Review: The World’s End

The-World's-End

The last in the Cornetto Trilogy is a sci-fi, which completes a trio of zombie-romantic-comedy (Shaun of the Dead) and buddy-cop-action film (Hot Fuzz). So it needed to live up to a fairly high bench mark. So, does it?

The film starts in the late 80s/early 90s in Newton Haven and five friends are out on a pub crawl in their home town, trying to get through 12 pubs in one night. While on the night out things go a little wrong and they never make it to The World’s End, the pub at the end of the route. Flash forward about 20 years and Gary King (Simon Pegg), the self-styled leader of the group hasn’t moved on; he still wears the same goth-style clothing, drives the same car he bought for £300 when he was young – which has the same mix tape in the player, lives in a small bed-sit and appears not to even have a job. He’s pretty much at rock bottom, while telling his story to an Alcoholics Anonymous group he is struck by the thought that completing the pub crawl will sort out his problems.

Somehow, Gary persuades his friends, who are all quite successful in their careers, have families and mortgages, etc, they are also quite reluctant to go back to their home town and indulge in a teenage fantasy. The group consists of Oliver (Martin Freeman), Peter (Eddie Masan), Steven (Paddy Considine) and Andrew (Nick Frost), the latter of who doesn’t drink anymore due to something that happened in the past. Gary is appalled at this and is constantly ribbing Andrew for it. Gary and Steven also find out that Oliver’s sister, Sam (Rosamund Pike) is passing through and will be making a fleeting visit. This sparks some rivalry between the two of them as they both had a crush on her in their teens.

This is the biggest problem with the central character of Gary. Simon Pegg is playing against type, in fact, all of the central men are. Pegg is playing a nasty, unsympathetic waster, Nick Frost plays the straight man, which is quite refreshing, Paddy Considine is playing a reserved, shy character, Eddie Marsan plays a socially awkward man who works for his Dada at a car dealership and Martin Freeman… alright, so he plays a slightly repressed, uptight guy. But Pegg’s character is so single-minded and slimy that you wonder why these upstanding men would feel bad enough for him to go on a night out with him, even with the guilt trips he plays.

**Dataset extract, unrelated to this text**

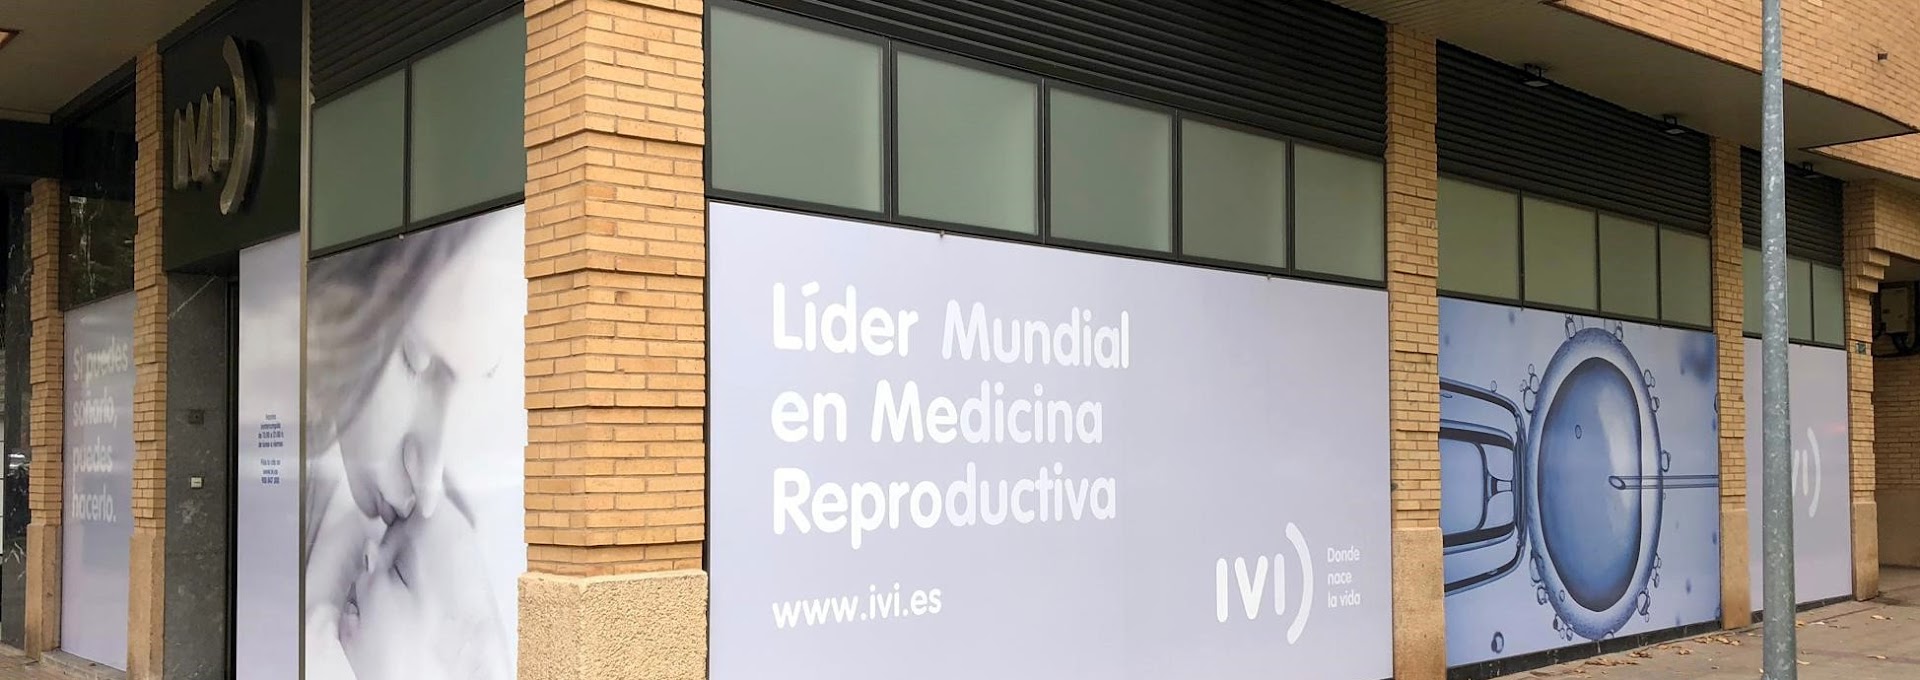 IVI Logroño - Clínica de Fertilidad y Reproducción Asistida

Almost as soon as they get to Newton Haven things get strange, all the pubs are the same and everyone is staring at them but no one they recognise, from bar tenders to ex-school bullies, remembers who they are. After a bit of a fall out Gary goes off into the toilet and has a strange confrontation  with teen. From here on in the world turns upsides down  and this dysfunctional, drunk group suddenly realise they’re gonna have to work together to get out of Newton Abbot alive.

Quite why they decide to carry on with the pub crawl is a bit far-fetched, but it’s explained away by the fact that people in the town know what their plans were and so they should continue as if nothing is happening – plus Andrew, the tea total – under the weight of what is unfolding around him has started drinking for the first time in over a decade. This means they have to make it to The World’s End at last. Along the way there are crazy fight scenes, people with blue light coming out of their eyes and mouths, a raunchy school disco night and an appearance from another ex-James Bond!

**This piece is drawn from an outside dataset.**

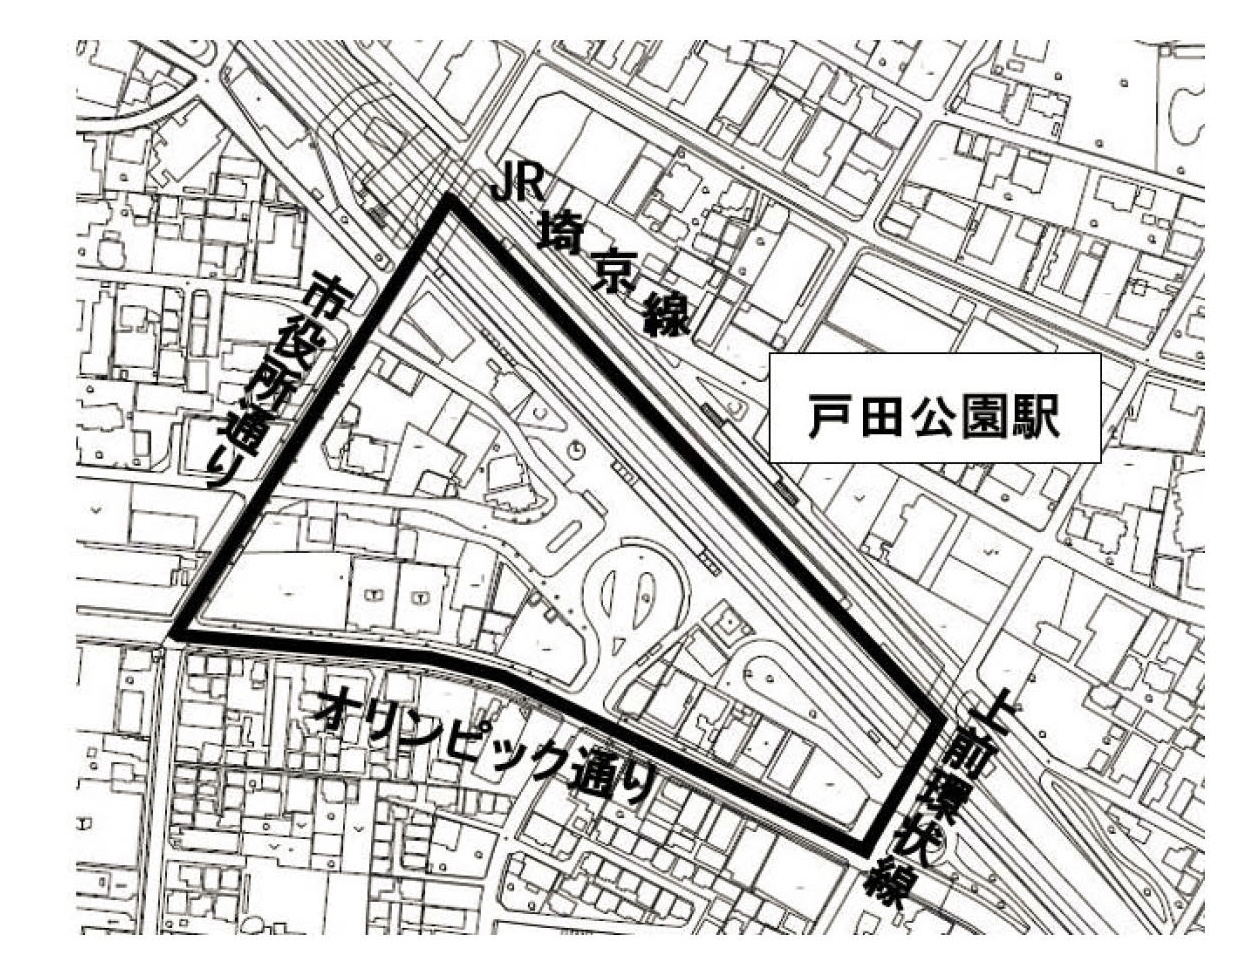 戸田公園駅西口駅前地区の範囲を示した地図

The final stand-off between the remaining humans and the ‘aliens’ happens in (or under) The World’s End where, eventually, Gary’s relentless argumentative streak pays off and he pisses of the would be conqueror so much it gives in, but not before wrecking havoc on the entire planet. Any more about the plot and it would be even more spoiled, so no more.

This really is the biggest of the ‘Cornetto Trilogy’ in both budget and scope and there is something to be said that the more money is thrown at these films the less they resemble what came before. This film is nothing like Spaced and is a long way removed from Shaun of the Dead, however, it isn’t a massive visual step up from Hot Fuzz. The comedy is still there, though the seems to be more reliance on slapstick (which is great, especially the fight scenes) and swearing than sharp dialogue (it is still there, but you have to listen).

To try to answer the question set at the beginning of this piece, some will be disappointed with the final instalment of the trilogy, but it is still incredibly enjoyable and has that Edgar Wright touch where everywhere you look are visual gags or references to other movies and TV shows and even some self referential touches like the pub sign for The King’s Head pub which is a strange amalgamation of Pegg and Wright. Once you get your head around the fact the actors are playing against type it becomes kind of refreshing, even if Gary King is slightly too obnoxious, the acting is damn fine. Another game that is fun to play is to spot the actors that have appeared in all the other Wright/Pegg/Frost productions like Mar Heap and Julia Deakins.

This is a fitting ending to the trilogy, but hopefully it won’t be the last time these three produce a TV series or films.